Happyfeet, it is spring break across much of the country. Many school kids – and parents of such – are currently away from their normal routines. Perhaps Buttons is among them.
buttons is the pleasing draft of orange-blossom on the spring air
I can’t believe you are so intellectually sloppy as to confuse Wilder’s wild fiction with the real world.
Now if you’ll excuse me, Bossy’s overdue for her milkin’…
Dammit, Jeff, you’re an embarrassment to your craft and to naugahyde! At least have the decency to wear a thong like real professional bloggers!
I bathe in my own genius, Dana. For instance, right now I am rinsing off with a clever line I imagined about llamas and humps.
By the way, something struck me last night as I was pulling the beads out of my ass: is Karl the guy who has time to sit on his ass all day, only the Patterico model?
I wonder how Karl feels sitting on his ass all day while Patterico is out doing Important Work?
Not very fulfilled, I’d bet. I think Patterico should have been more careful and solicitous with his phrasing.
Karl blogs good. He lives in Chicago or thereabouts I think. Somewhere where it snows anyway. He’s started tackling economic things just a bit more and it’s really good work. His car got hit in a parking lot once. Not everyone in Chicago even has a car, and it’s not very expensive to own one there I don’t think, or it wasn’t. Cause they know people can do without them pretty well. But now they are getting more tax and fee tax and fee about cars and I wonder what will happen. If this will be another raise taxes, lose revenue thinger.
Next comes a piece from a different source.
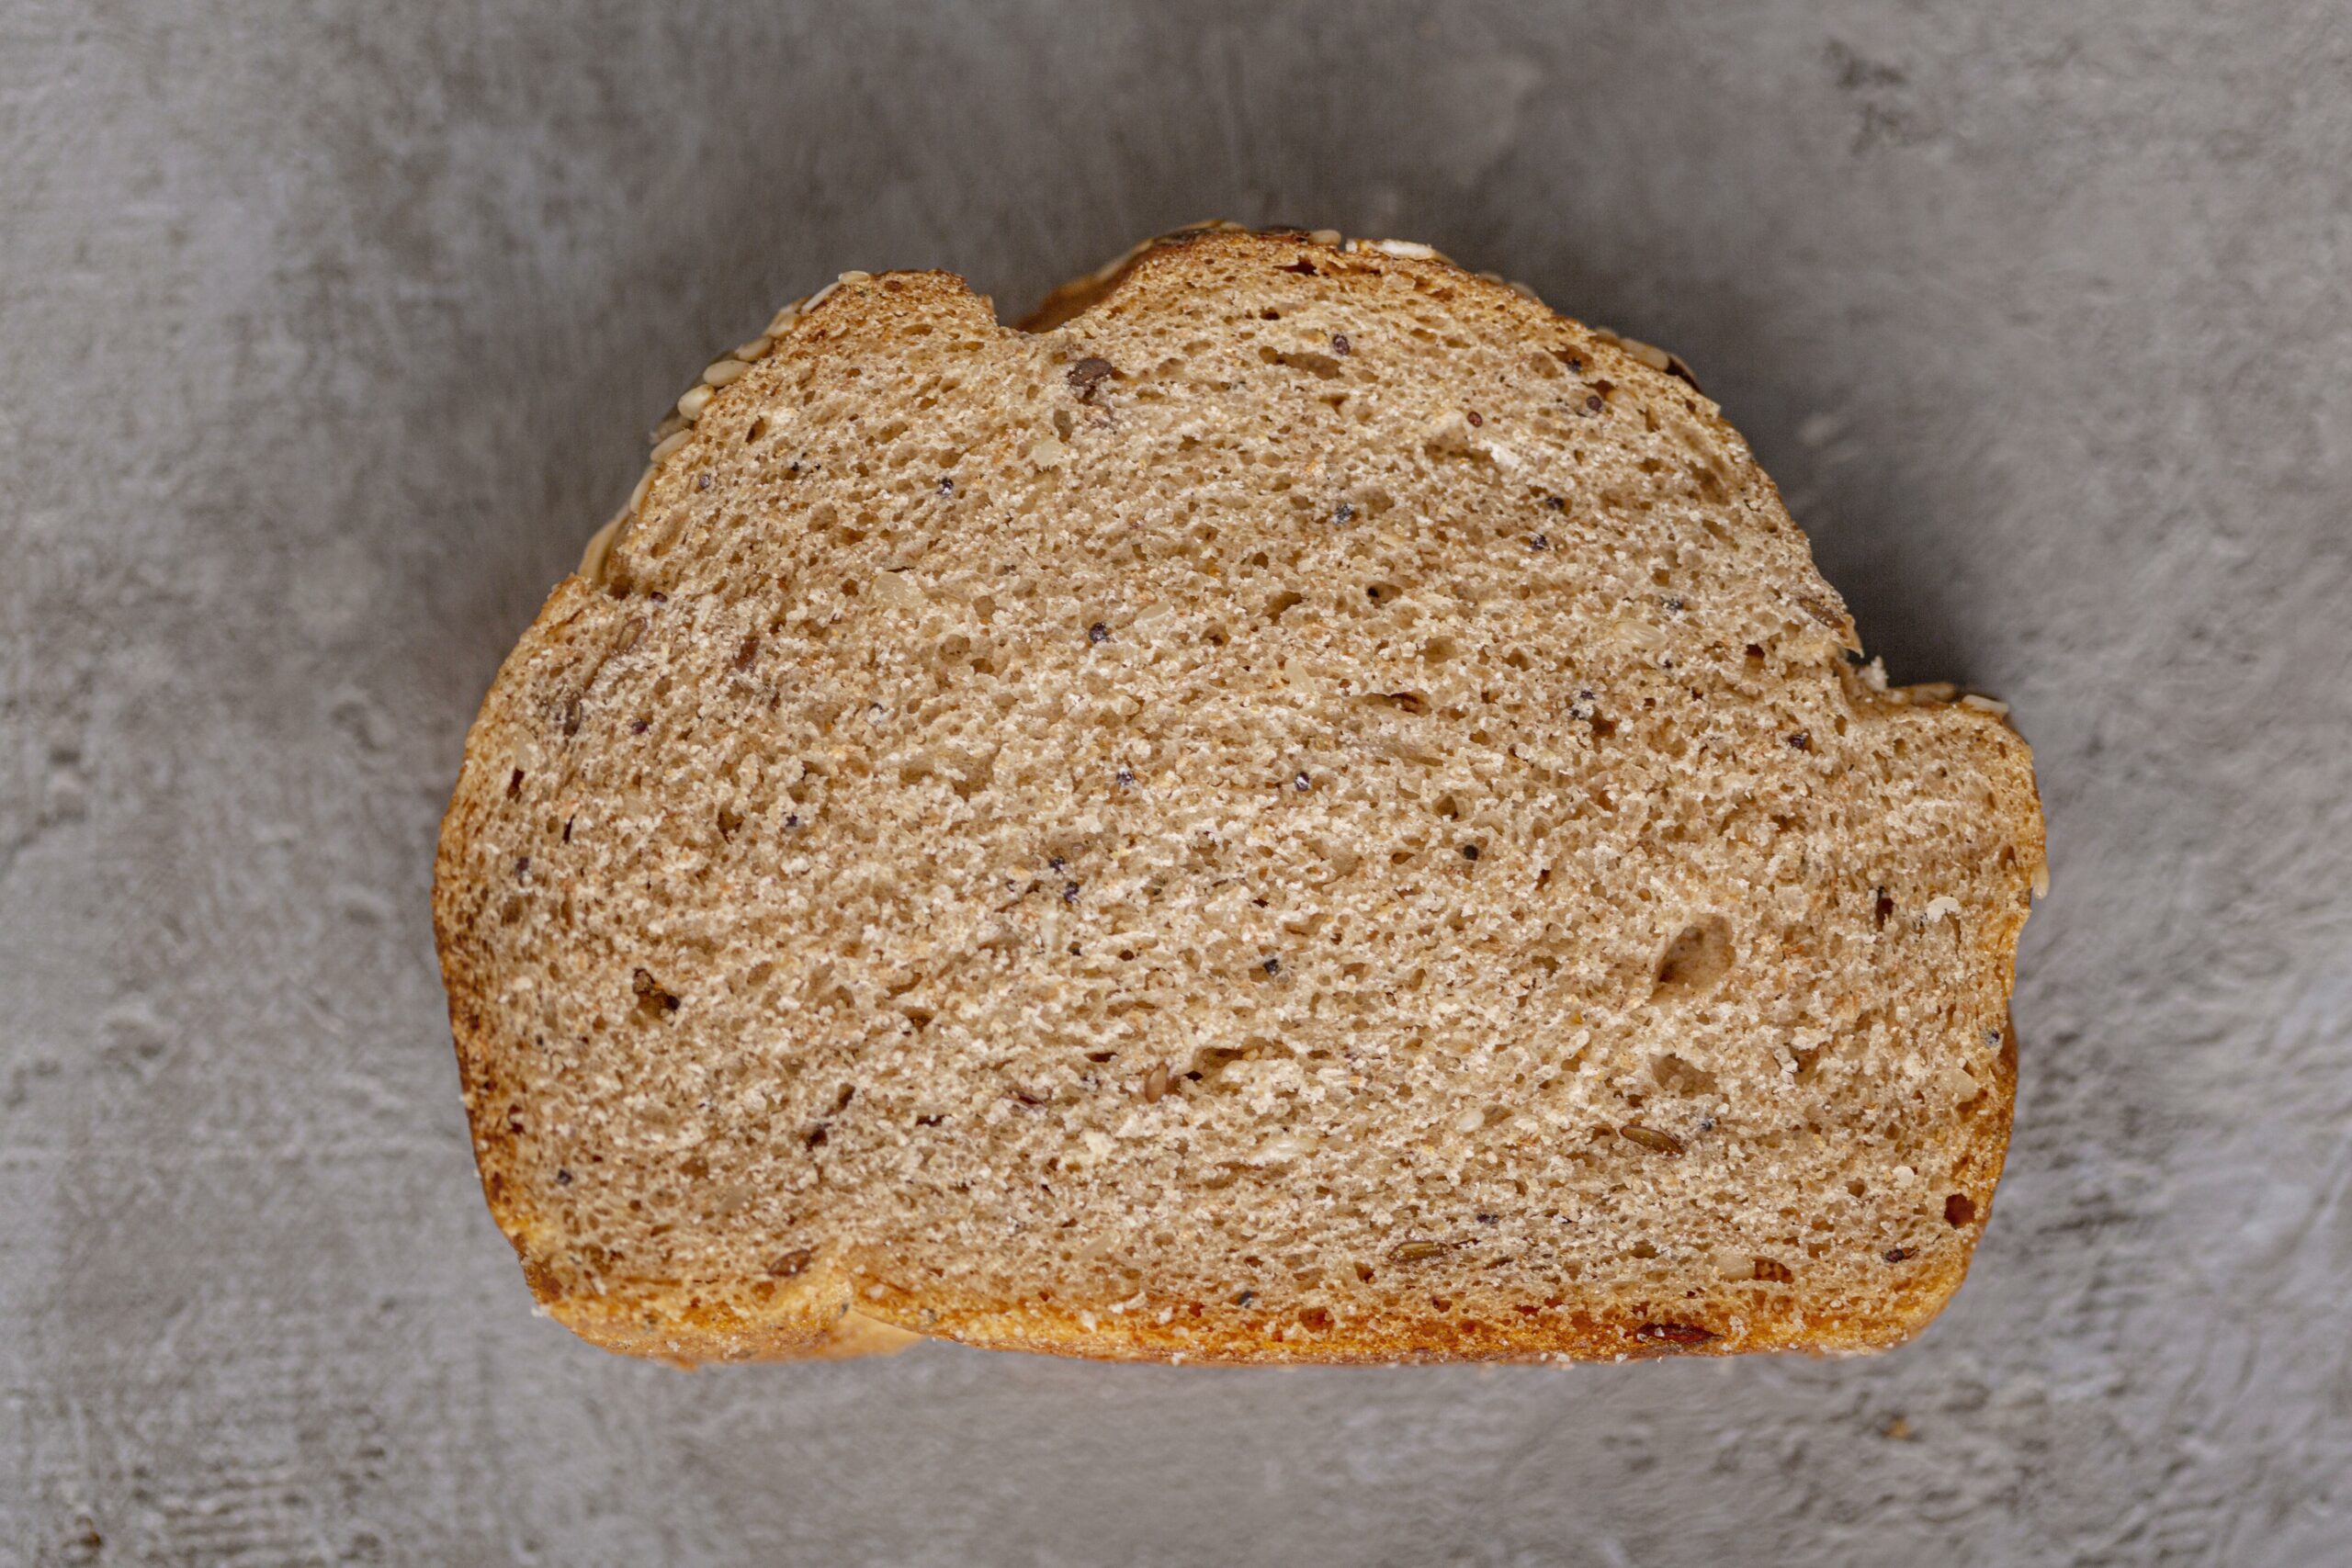 Verplicht Zeldzaamheid pauze Een sneetje brood zonder beleg. | Nationaal Zakat Fonds
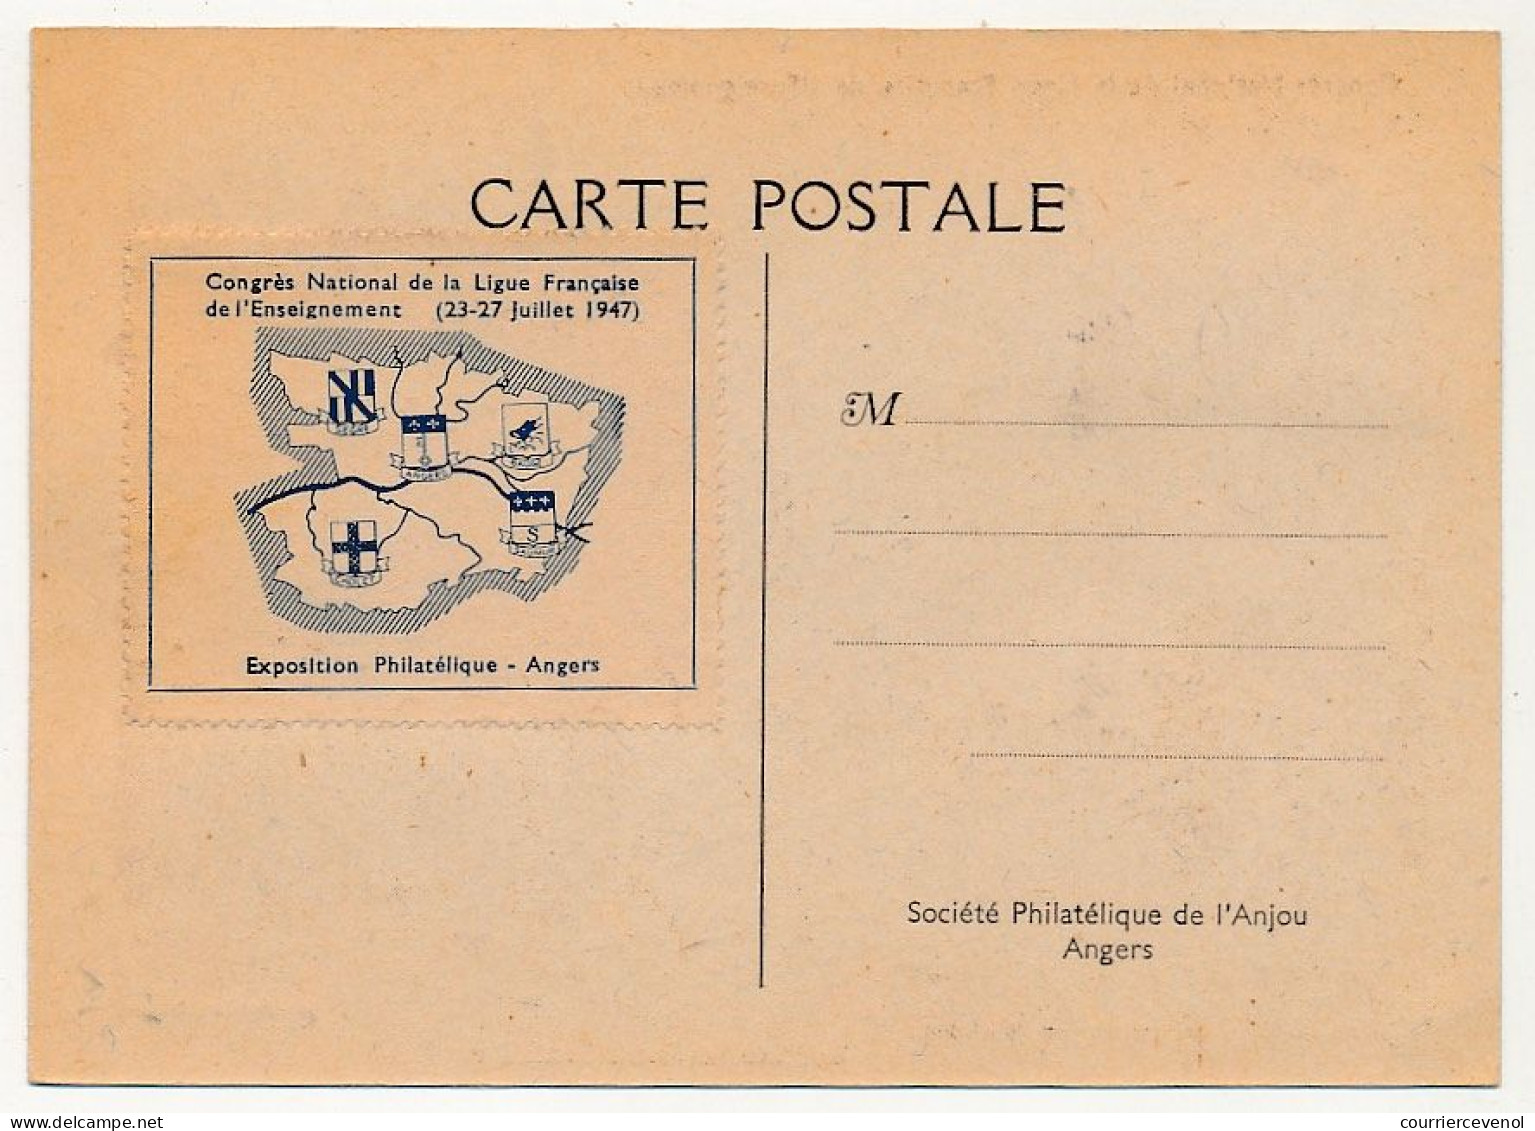 FRANCE - Carte Congrès National Ligue De L'Enseignement Angers 23/27 Juillet 1947 - Obl. Temporaire - Vignette Au Dos - Cachets Commémoratifs

oh. Some parts of Chicago you need a car. And the parts where you don’t need a car tend to be the more expensiver parts is what my Chicago friend says. Especially if you own, you can find deals if you rent. So my theory is crap is what that means.
I hope Karls car is out of it ‘s neckbrace by now.
i was fascinated by the row of empty parking meters and what caused them. That has to have the local merchants happy.
There’s that stray apostrophe again. I hope Slarti didn’t see.
I didn’t sleep last night. Is otitis media contagious? We all have it.
Patterico’s favorite conservative blogger wrote:
Having once lived on an old llama farm, I find this comment at least somewhat disconcerting. There are places I’m not certain I want my imagination to go.
Try “A Face In The Crowd”.
You’ll never look at Andy Griffith the same way again.
“with a clever line I imagined about llamas and humps.”
Good Lord! has someone accused Jeff of being Ogden Nash?